Aula semi deserta mentre si doveva discutere della questione principale di queste settimane: la ‘legge sul fine vita’. Che notizia, quella girata nei giorni scorsi. A parte alcuni esempi di assenteismo, magari anche clamorosi, è bene sapere che la vita parlamentare non è solo quella delle Aule, ma è anche quella delle Commissioni, luoghi dove si preparano le leggi.

Poi, quella sul fine vita è una proposta che, al momento del voto, vedrà di certo un’ampia partecipazione. Per ora ha fatto solo il suo ingresso tecnico in aula.

Magari ci sono alcuni sostenitori di questo disegno di legge che vorrebbero l’intera popolazione, e i loro rappresentanti tutti, accalorarsi per riuscire a dare all’Italia una legge per offrire a tutti una ‘morte con dignità’. In realtà il Ddl firmato dalla on. Donata Lenzi, bolognese del Pd, è intitolato “Norme in materia di consenso informato e di disposizioni anticipate di trattamento”. In prima istanza si chiede che una persona maggiorenne, capace di intendere e volere possa esprimere le proprie convinzioni e preferenze in materia di trattamenti sanitari, e possa lasciare scritto preventivamente il proprio consenso o rifiuto rispetto a scelte diagnostiche o terapeutiche e a singoli trattamenti sanitari.

Insomma, eravamo abituati ogni lunedì mattina a fare gli allenatori ci calcio. E fossimo stati in panchina al posto di Montella, venerdì scorso col Milan non avremmo di certo perso contro la Juve.

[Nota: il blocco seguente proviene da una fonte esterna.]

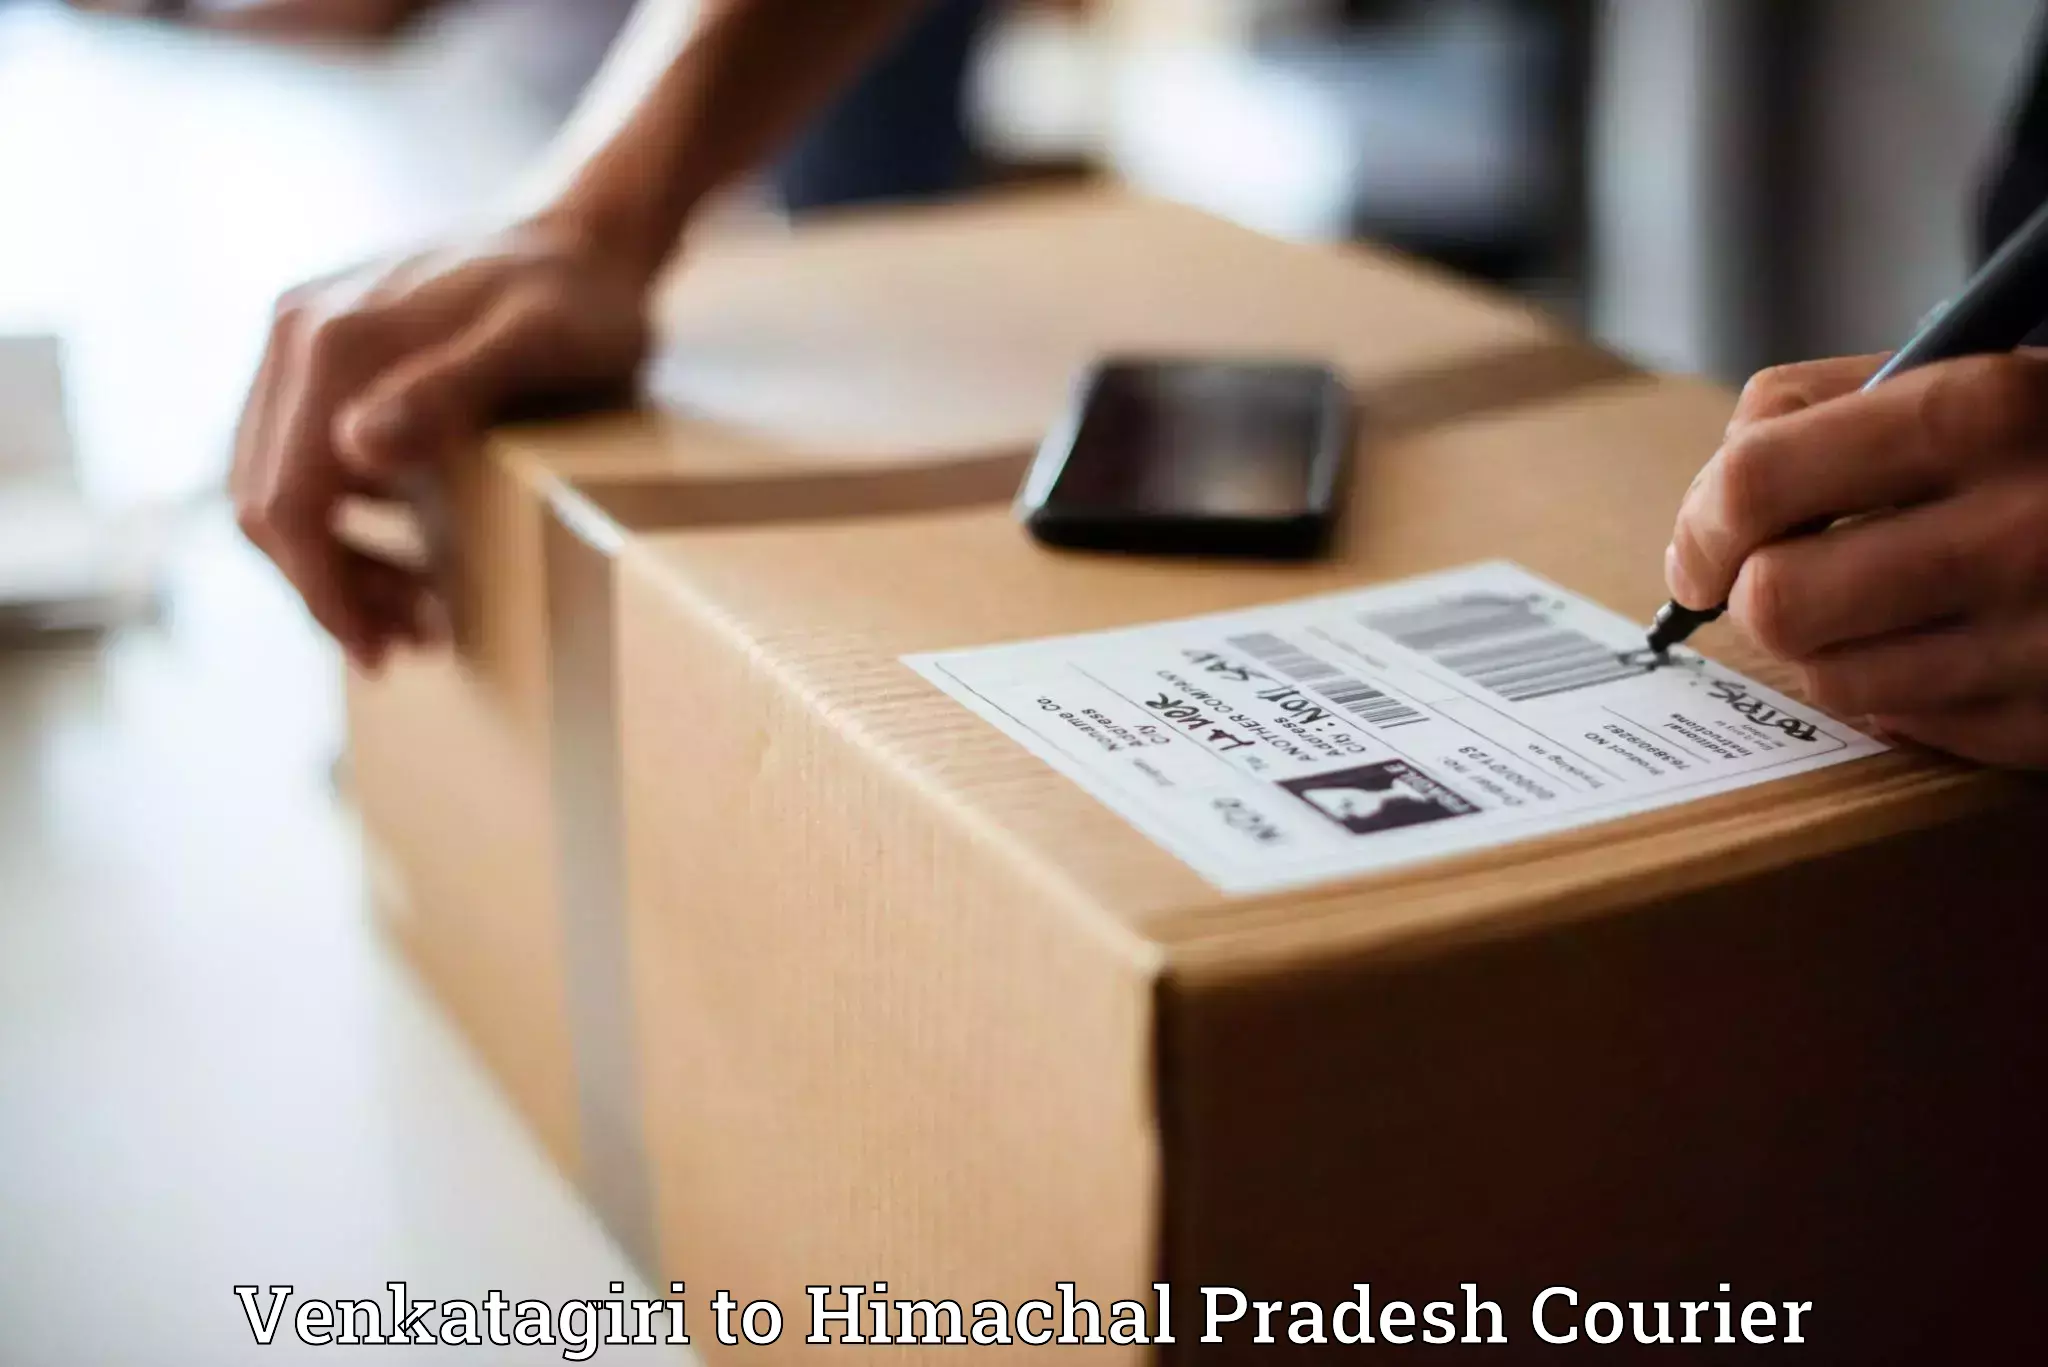 Custom courier packaging in Venkatagiri to Himachal Pradesh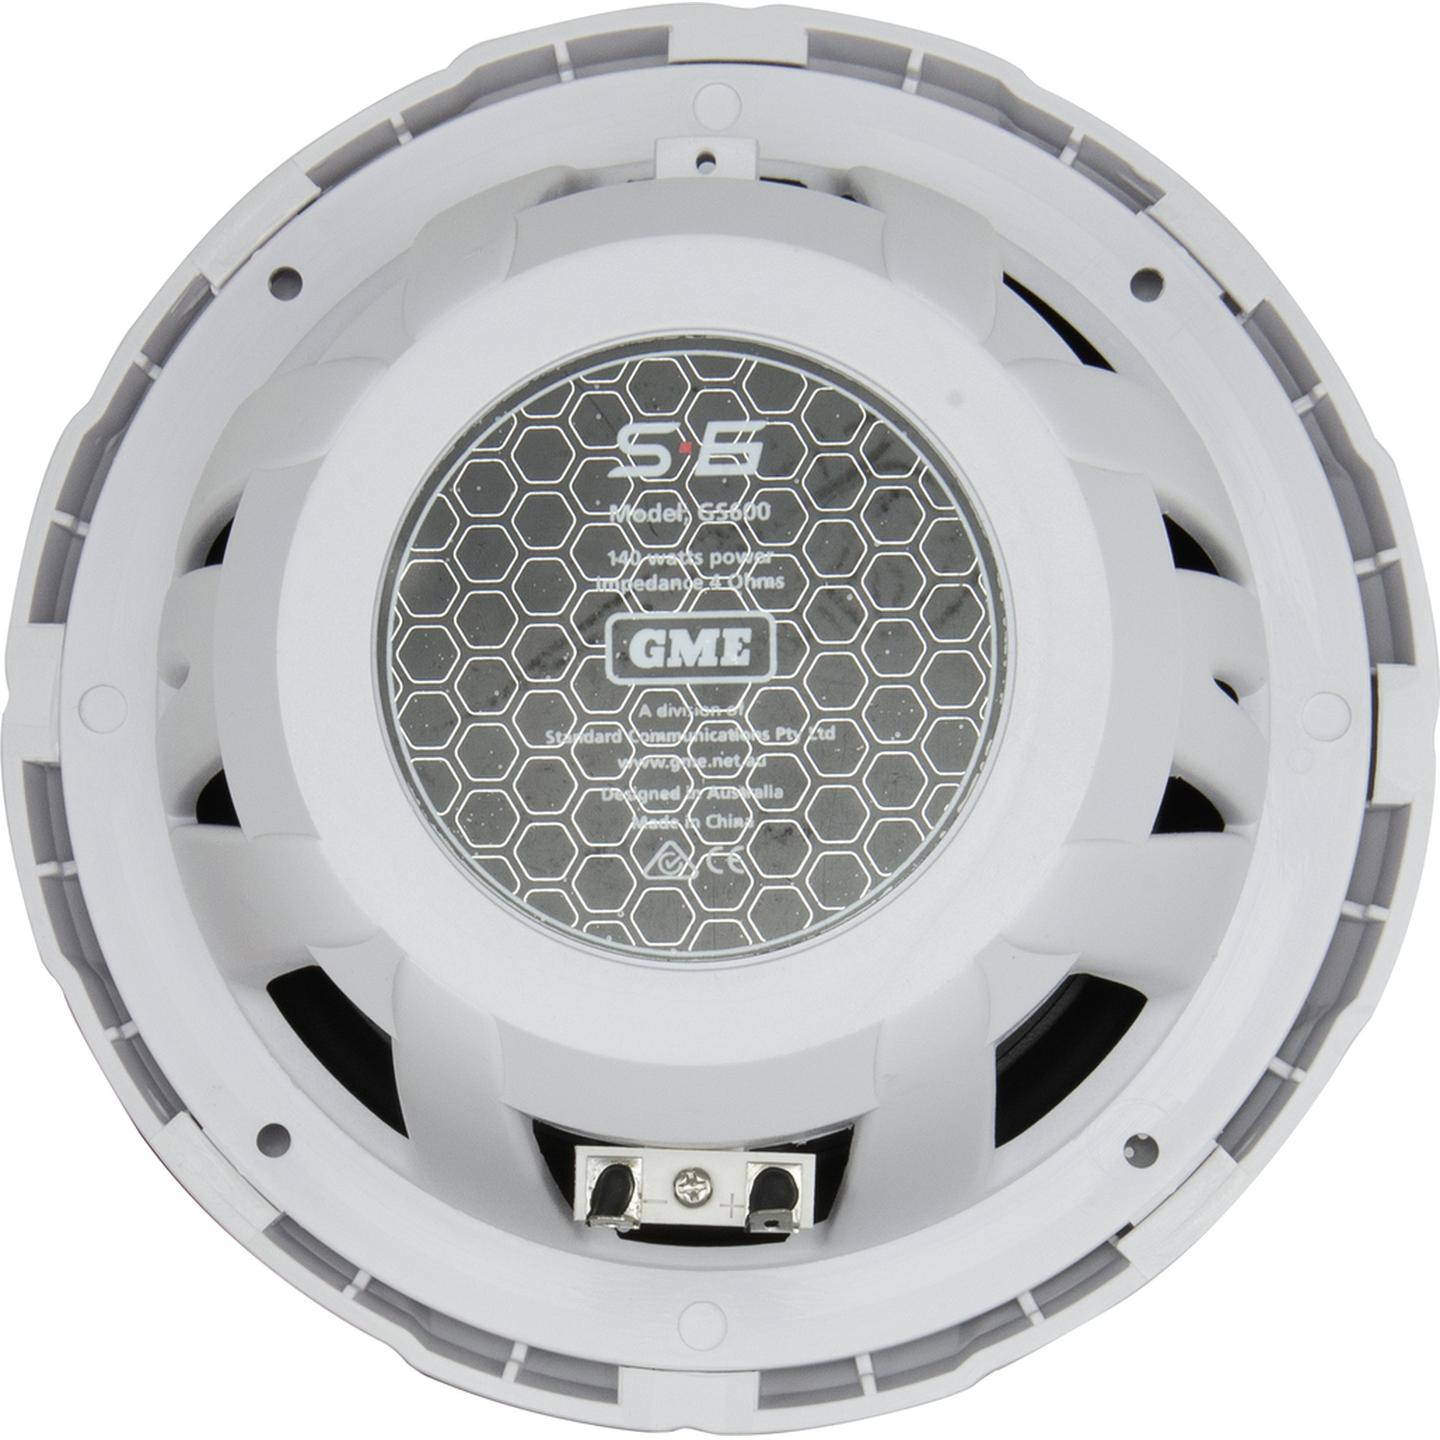 GME 140 Watt IP54 Marine Flush Mount Speakers - 180mm Pair - White

Ora la sfida, però, si fa più complessa. Adesso c’è chi vorrebbe impegnarsi anche in medicina. Il passaggio è breve. Volevamo fare gli allenatori senza patentino, perché non possiamo fare i medici anche senza laurea? Ma può bastare qualche documentario di Piero Angela o di altri esperti scienziati a guidarci in questo campo?

Questo però non è un gioco. La vera dignità rimane quella di ogni uomo/donna nel momento in cui deve fare i conti con uno stato di malattia. La vera sfida è quella di non lasciare solo chi è malato. Fosse anche alla fine della sua vita terrena. Momenti molto simili, che si creda o no in Dio. Il medico ha un suo ruolo, da Ippocrate ai giorni nostri, quello di garantirci le cure adeguate allo stato di salute in cui siamo per favorire la vita. Arriva di certo il momento in cui anche il suo operato non sarà più sufficiente. Ricordo che con mio padre ci prendemmo cura, a tumore molto avanzato, anche secondo la sua volontà, di non ricoverarlo più. Cercammo di stargli accanto a casa sua, anche con l’aiuto dell’assistenza domiciliare dell’Asl. E quando ci disse che non voleva più le sue medicine, fu naturale seguire quella sua volontà. E già dieci anni fa c’erano anche buone terapie anti dolorifiche che mettemmo in atto secondo le disposizioni mediche.

Io non credo alla morte con dignità. Io credo invece che un buon dialogo tra medico, paziente e familiari, aiuta a vivere con dignità anche gli ultimi momenti di vita.